Golpe al bolsillo: Familias nicaragüenses denuncian «impagables» recibos de energía eléctrica

Una ola de indignación recorre diversos sectores de la capital y los departamentos del país ante lo que los usuarios califican como un incremento desmedido y arbitrario en las facturas de energía eléctrica. Habitantes del barrio Acahualinca, en el Distrito Dos de Managua, han alzado su voz de protesta tras recibir facturas con montos que triplican o incluso sextuplican su consumo habitual.

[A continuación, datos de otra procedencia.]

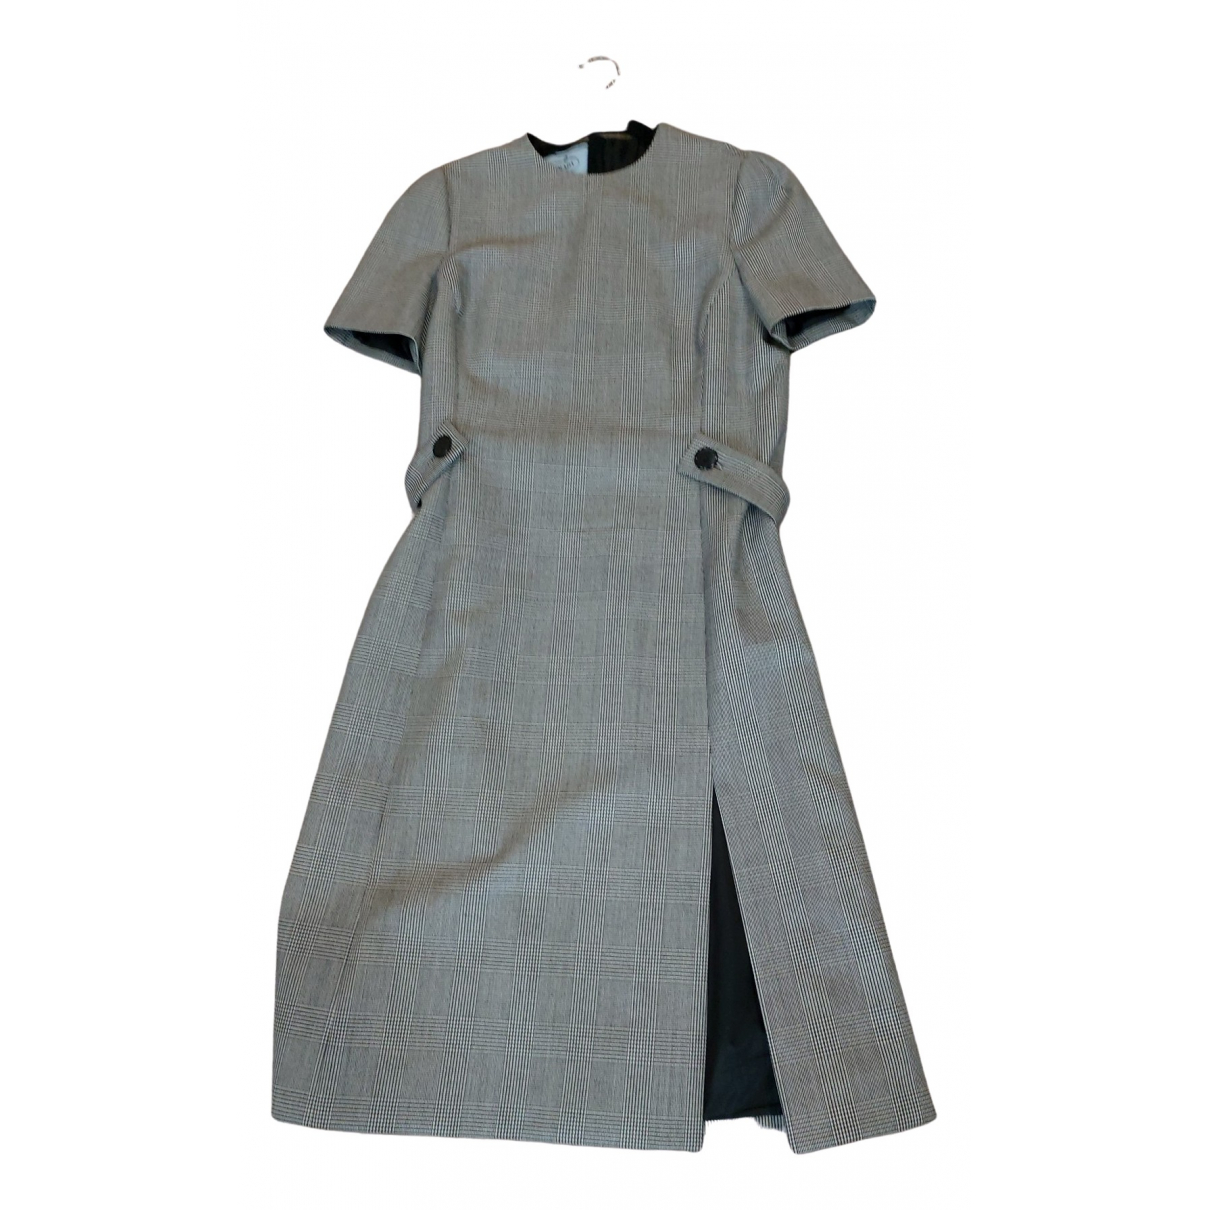 Prada \N Kleid in  Grau Wolle
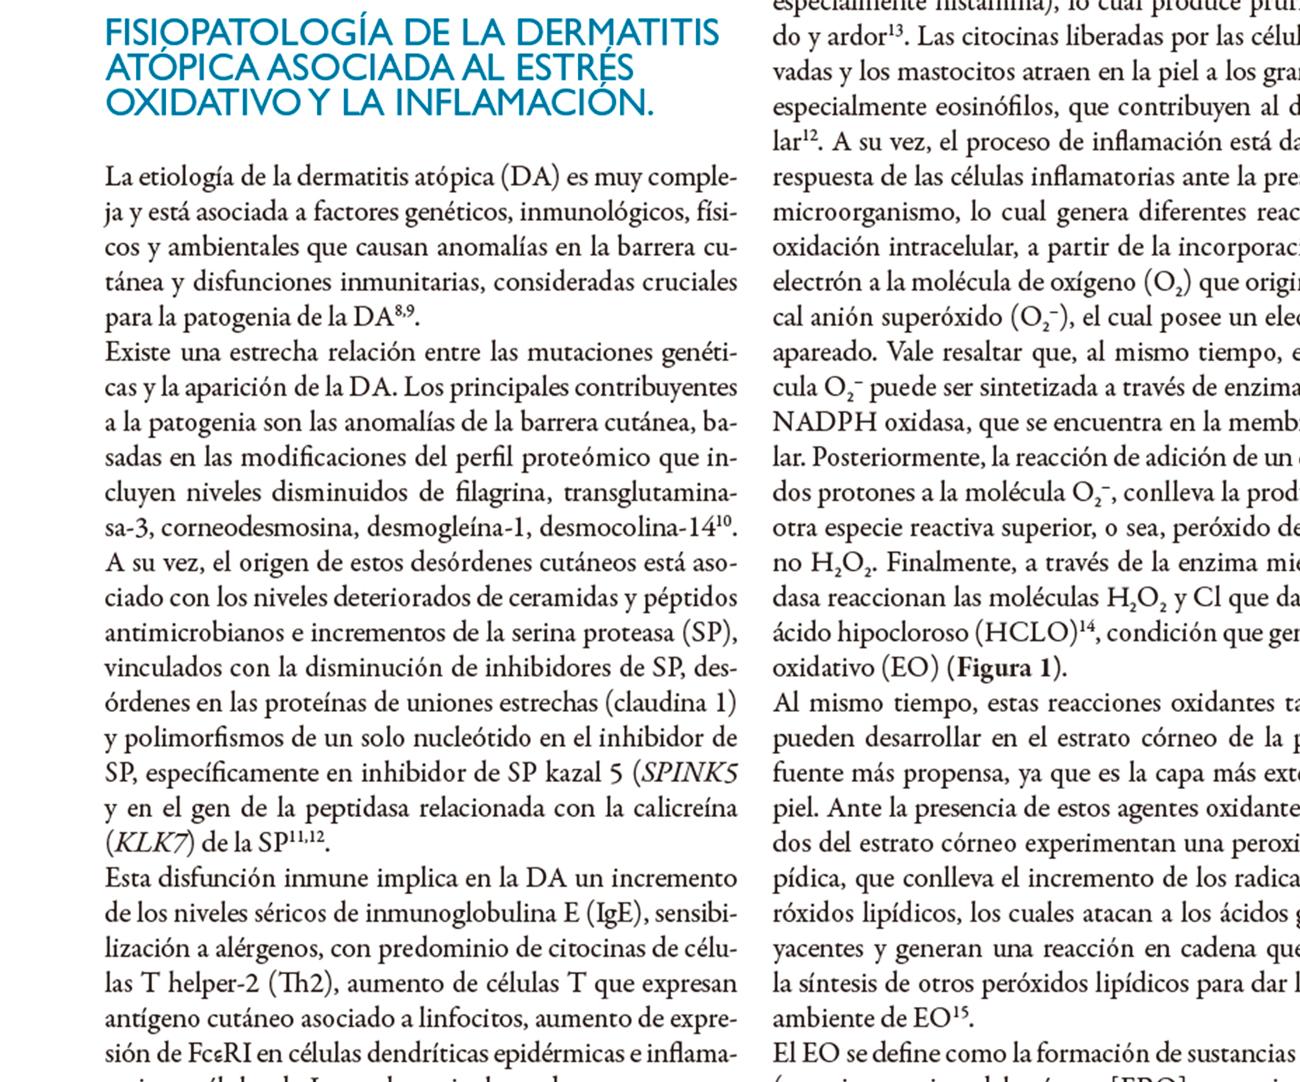 Generalidades de la dermatitis atópica y su vinculación con la respuesta inflamatoria y el estrés oxidativo

Uno de los casos más alarmantes reportados en este populoso sector es el de una jefa de hogar cuya factura pasó repentinamente de 500 córdobas a más de 3,000, un monto que resulta inalcanzable para la economía familiar promedio. La afectada aseguró que en su vivienda no cuentan con equipos de alto consumo, como aires acondicionados o sistemas de refrigeración industrial, que justifiquen semejante alteración en el cobro.
Inconformidad a nivel nacional Esta problemática no es exclusiva de la capital. Denuncias similares han surgido en todos los departamentos de Nicaragua, donde las familias reportan que sus recibos, que usualmente oscilaban entre los 400 y 600 córdobas, ahora superan los 2,000 y 3,000 córdobas. Los usuarios coinciden en un punto crítico: no han incrementado el uso de sus aparatos eléctricos ni han adquirido nuevos equipos que expliquen el alza.
Este incremento en los servicios básicos ocurre en un contexto económico sumamente frágil para el país. Las familias ya enfrentan un elevado costo de la vida, donde productos básicos de la dieta nicaragüense han sufrido variaciones de precio significativas, llegando al punto en que resulta más barato consumir pollo que queso. Con un tipo de cambio oficial que se sitúa en los C$ 36.6243 por dólar, el pago de una factura de 3,000 córdobas representa un porcentaje asfixiante del salario mínimo nacional.
Hasta el momento, las autoridades correspondientes y la empresa distribuidora de energía no han brindado una explicación técnica detallada sobre estos cobros excesivos, mientras la población exige una revisión inmediata de los medidores y de la política tarifaria que amenaza con dejar a oscuras a miles de hogares por falta de pago.